With about 15% of COVID-19 patients suffering from severe disease and hospitals being overwhelmed, treatments are desperately needed. So rather than coming up with compounds from scratch that may take years to develop and test, researchers and public health agencies are looking to repurpose drugs already approved for other diseases and known to be largely safe. They’re also looking at unapproved drugs that have performed well in animal studies with the other two deadly coronaviruses, which cause severe acute respiratory syndrome (SARS) and Middle East respiratory syndrome (MERS).
Drugs that slow or kill the novel coronavirus, called severe acute respiratory syndrome coronavirus 2 (SARS-CoV-2), could save the lives of severely ill patients, but might also be given prophylactically to protect health care workers and others at high risk of infection. Treatments may also reduce the time patients spend in intensive care units, freeing critical hospital beds.
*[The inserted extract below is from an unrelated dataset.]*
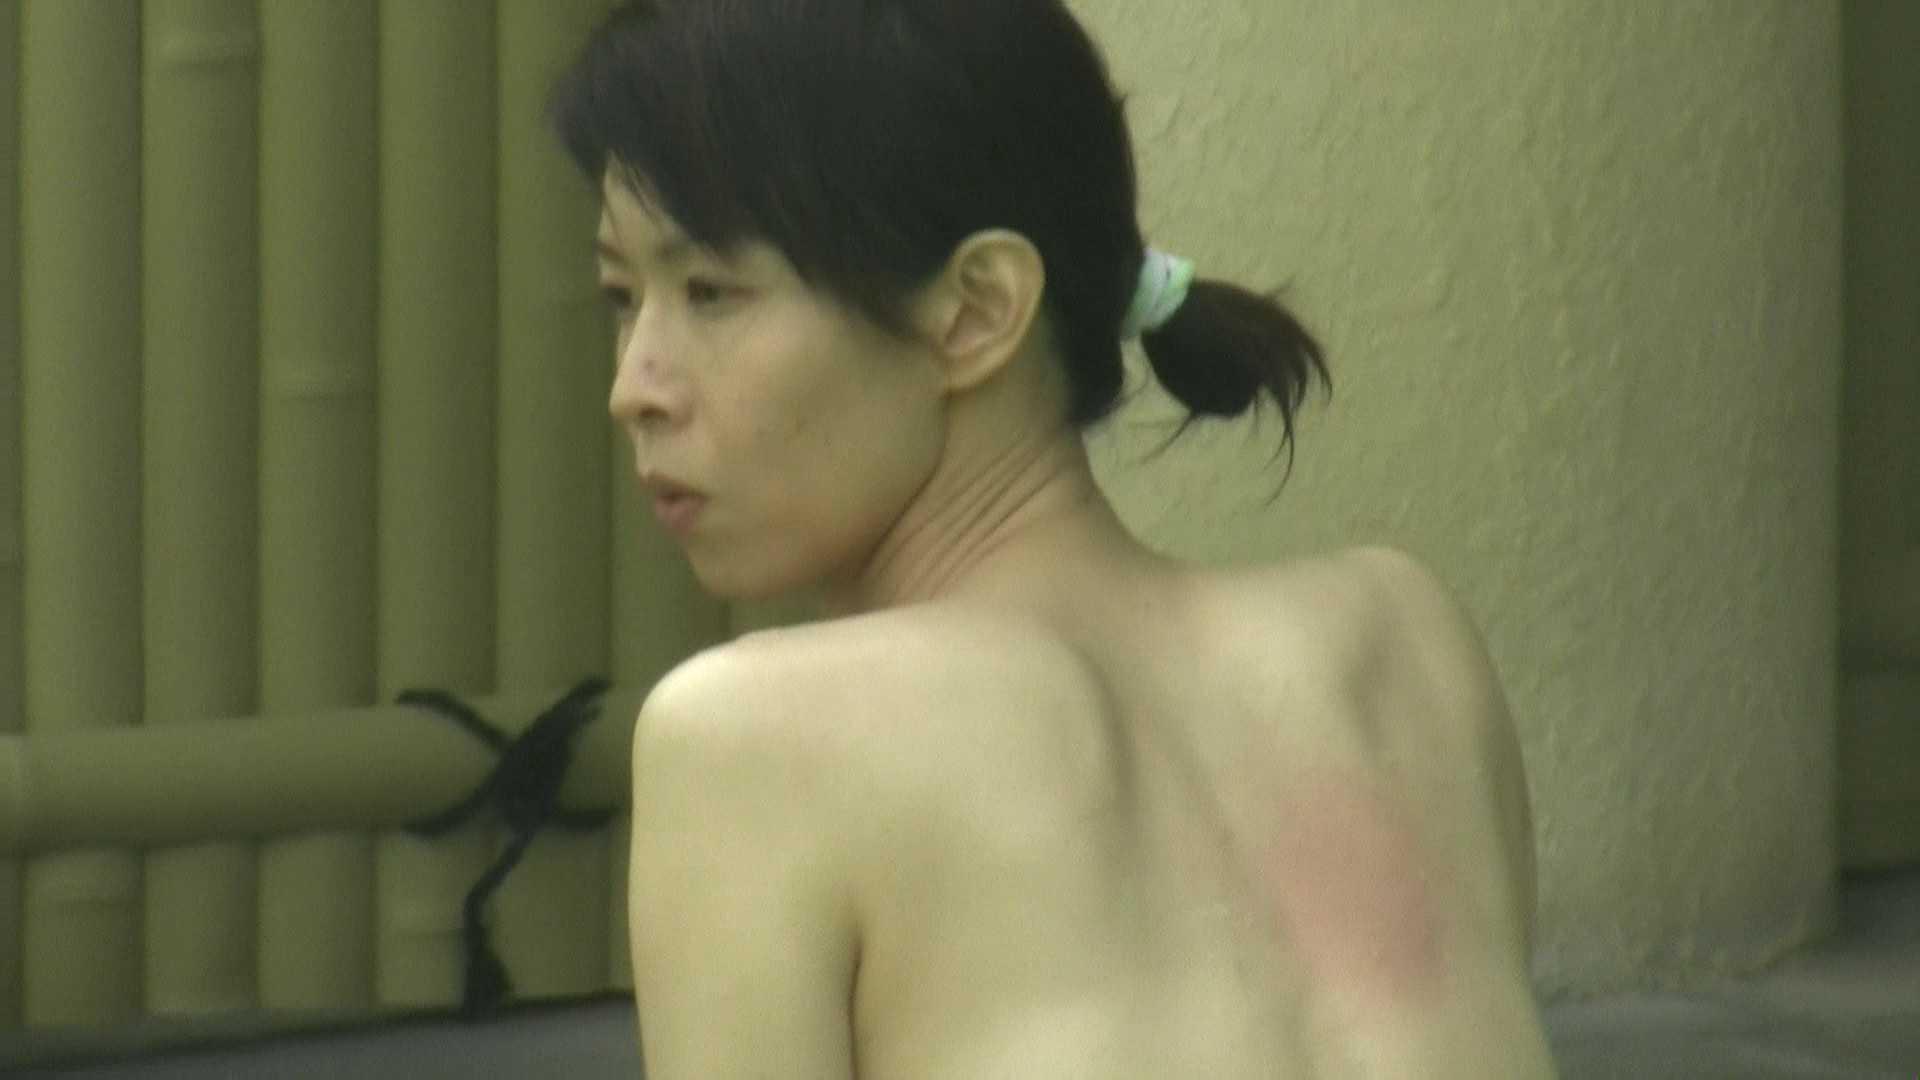 Aquaな露天風呂Vol.631 盗撮  109連発 68

Scientists have suggested dozens of existing compounds for testing, but WHO is focusing on what it says are the four most promising therapies: an experimental antiviral compound called remdesivir; the malaria medications chloroquine and hydroxychloroquine; a combination of two HIV drugs, lopinavir, and ritonavir; and that same combination plus interferon-beta, an immune system messenger that can help cripple viruses. Some data on their use in COVID-19 patients have already emerged—the HIV combo failed in a small study in China—but WHO believes a large trial with a greater variety of patients is warranted.